In recent years, two time series classification models, ROCKET and MINIROCKET, have attracted much attention for their low training cost and state-of-the-art accuracy. Utilizing random 1-D convolutional kernels without training, ROCKET and MINIROCKET can rapidly extract features from time series data, allowing for the efficient fitting of linear classifiers. However, to comprehensively capture useful features, a large number of random kernels are required, which is incompatible for resource-constrained devices. Therefore, a heuristic evolutionary algorithm named S-ROCKET is devised to recognize and prune redundant kernels. Nevertheless, the inherent nature of evolutionary algorithms renders the evaluation of kernels within S-ROCKET an unacceptable time-consuming process. In this paper, diverging from S-ROCKET, which directly evaluates random kernels with nonsignificant differences, we remove kernels from a feature selection perspective by eliminating associating connections in the sequential classification layer. To this end, we start by formulating the pruning challenge as a Group Elastic Net classification problem and employ the ADMM method to arrive at a solution. Sequentially, we accelerate the aforementioned time-consuming solving process by bifurcating the $l_{2,1}$ and $l_2$ regularizations into two sequential stages and solve them separately, which ultimately forms our core algorithm, named P-ROCKET. Stage 1 of P-ROCKET employs group-wise regularization similarly to our initial ADMM-based Algorithm, but introduces dynamically varying penalties to greatly accelerate the process. To mitigate overfitting, Stage 2 of P-ROCKET implements element-wise regularization to refit a linear classifier, utilizing the retained features.
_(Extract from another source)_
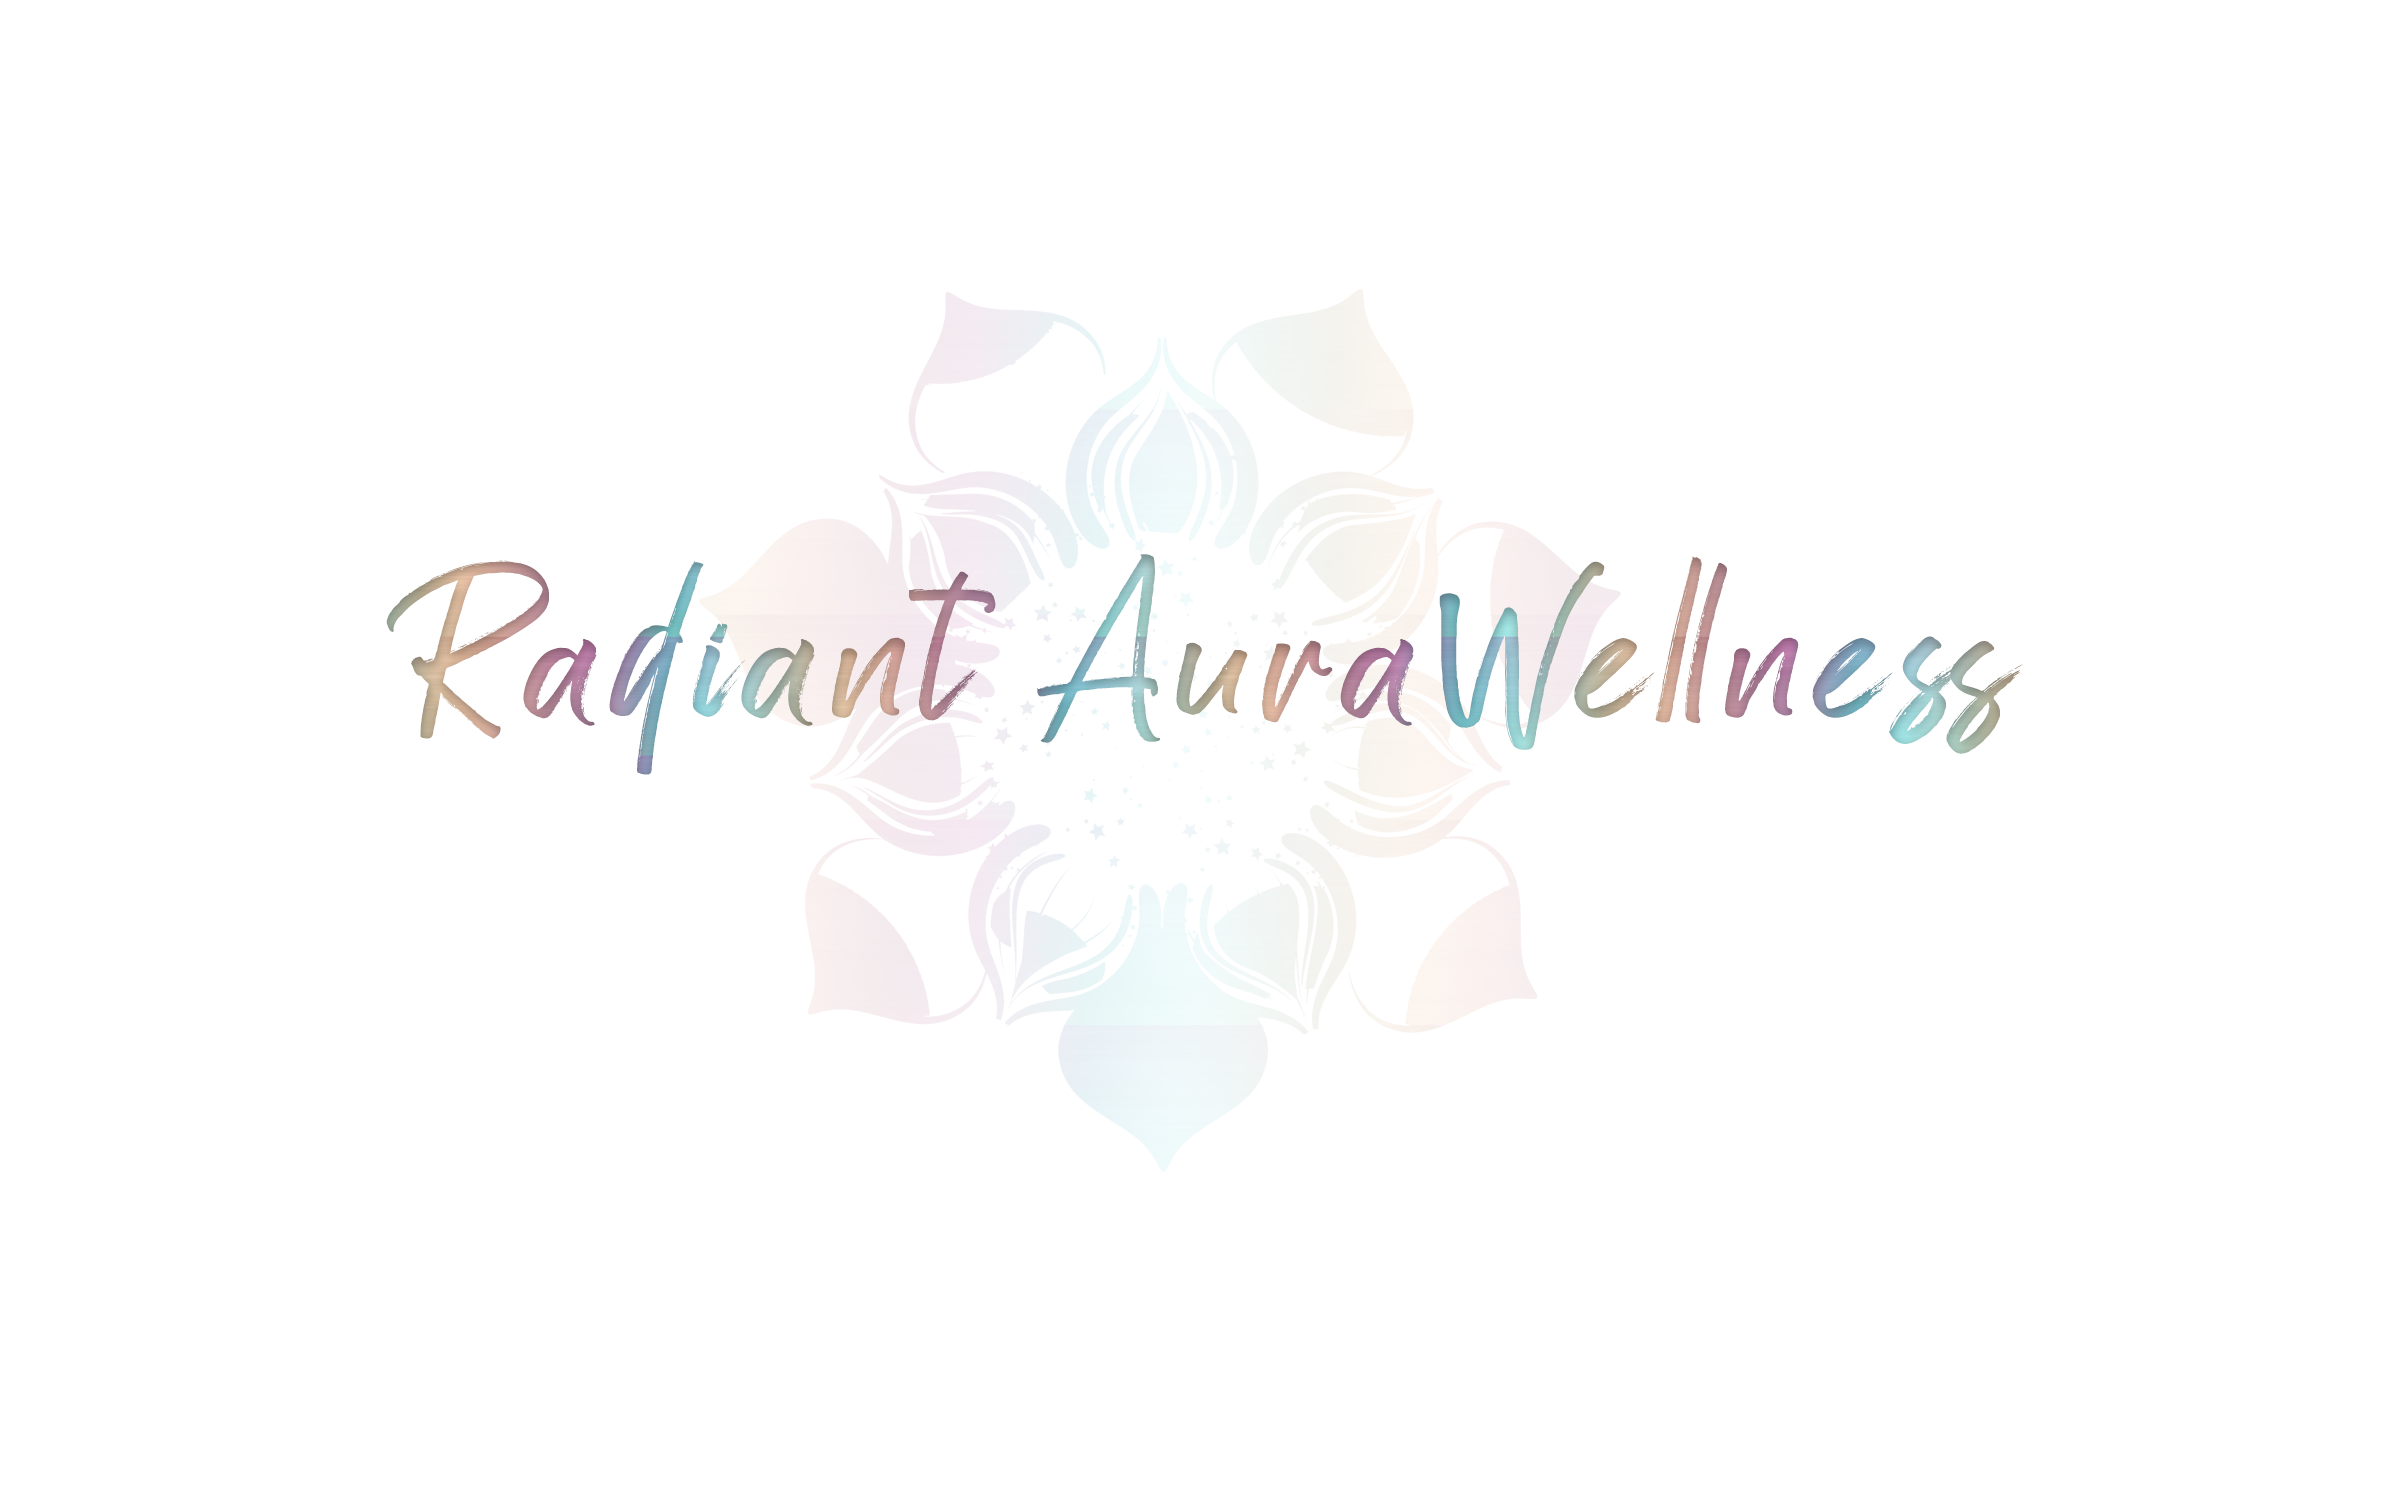 Radiant Aura Wellness
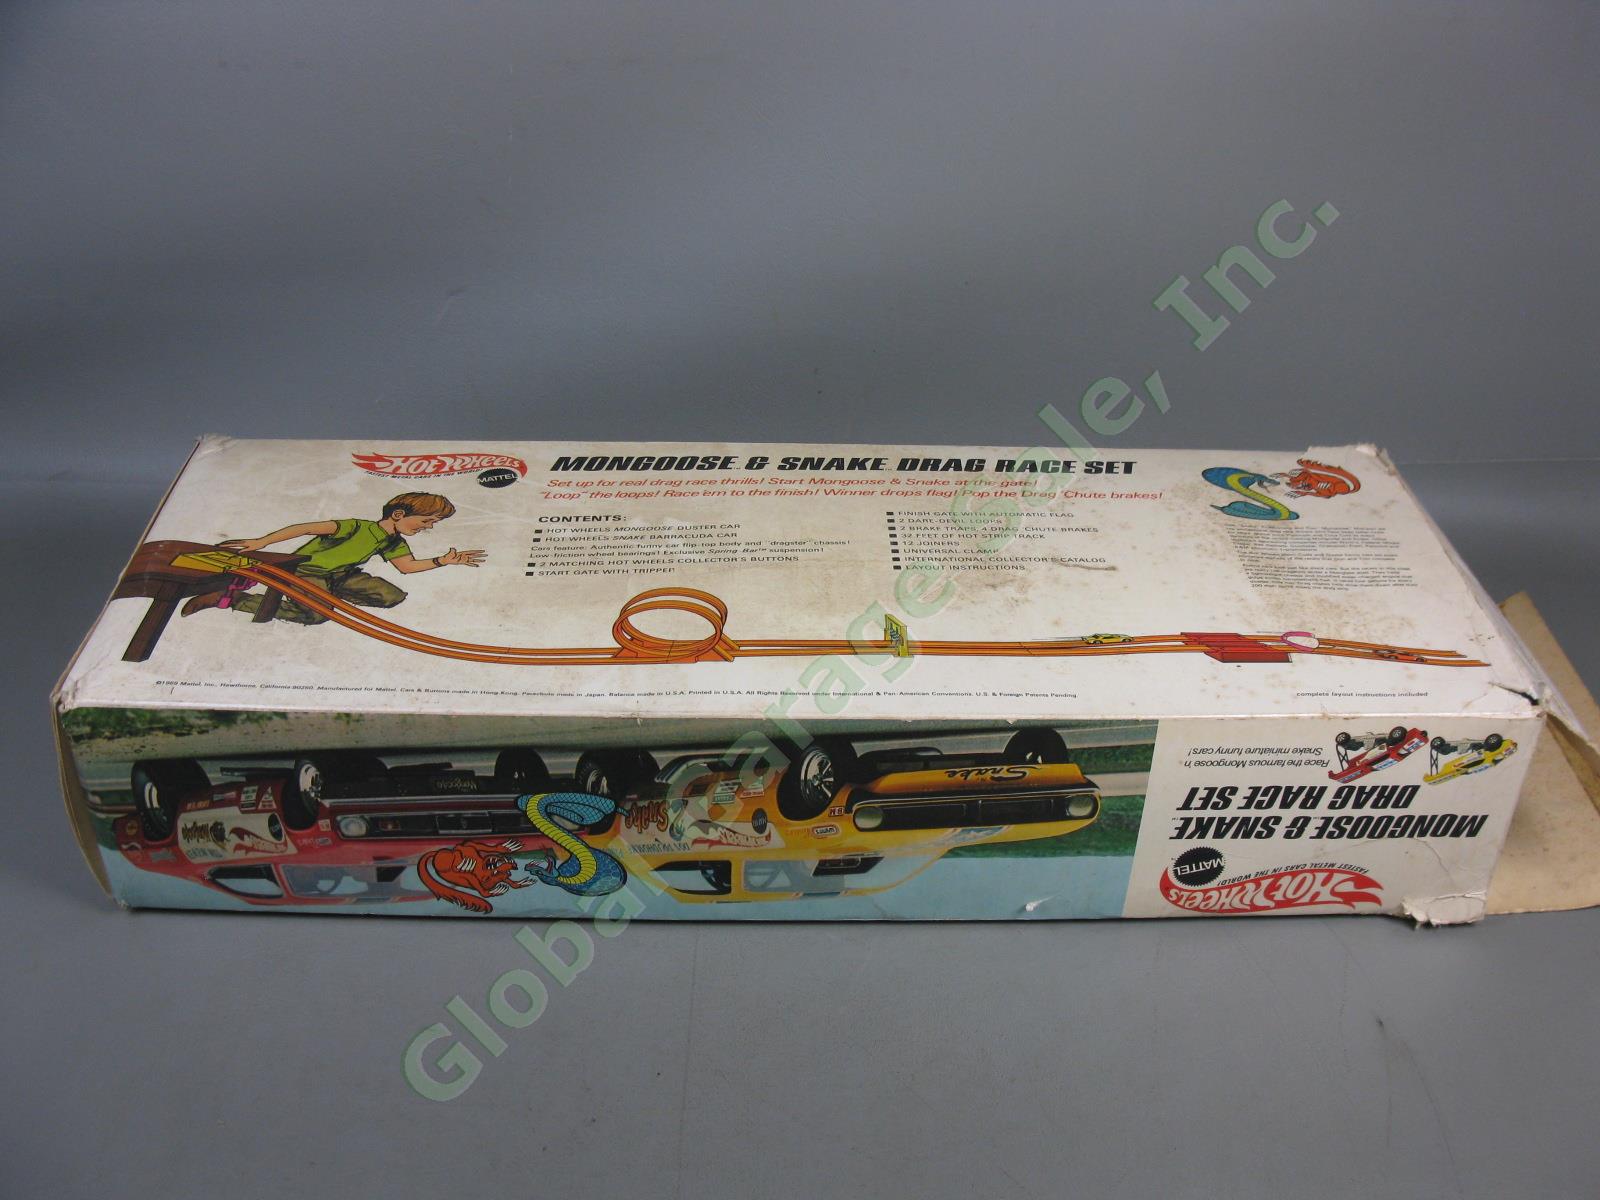 Vtg 1969 Mattel Hot Wheels Redline Mongoose & Snake Funny Car Drag Race Set 6438 1

翻译：近年来，两种时间序列分类模型ROCKET与MINIROCKET因其低训练成本与先进准确率而备受关注。通过利用无需训练的随机一维卷积核，ROCKET与MINIROCKET可快速从时间序列数据中提取特征，进而高效拟合线性分类器。然而，为全面捕获有用特征，需部署大量随机核，这与资源受限设备的需求相悖。为此，研究者提出启发式进化算法S-ROCKET以识别并剪枝冗余核。但进化算法的固有特性导致S-ROCKET对核的评估过程耗时过长，难以接受。本文突破S-ROCKET直接评估无显著差异随机核的范式，从特征选择角度出发，通过消除序列分类层中的关联连接来移除冗余核。具体而言，我们首先将剪枝挑战建模为分组弹性网络分类问题，并采用ADMM方法求解；随后通过将$l_{2,1}$范数与$l_2$范数正则化分解为两个顺序阶段分别求解，加速上述耗时过程，最终形成核心算法P-ROCKET。P-ROCKET第一阶段采用基于初始ADMM算法的分组正则化策略，但引入动态变化惩罚项以大幅加速流程。为缓解过拟合，第二阶段实施元素级正则化，利用保留特征重新拟合线性分类器。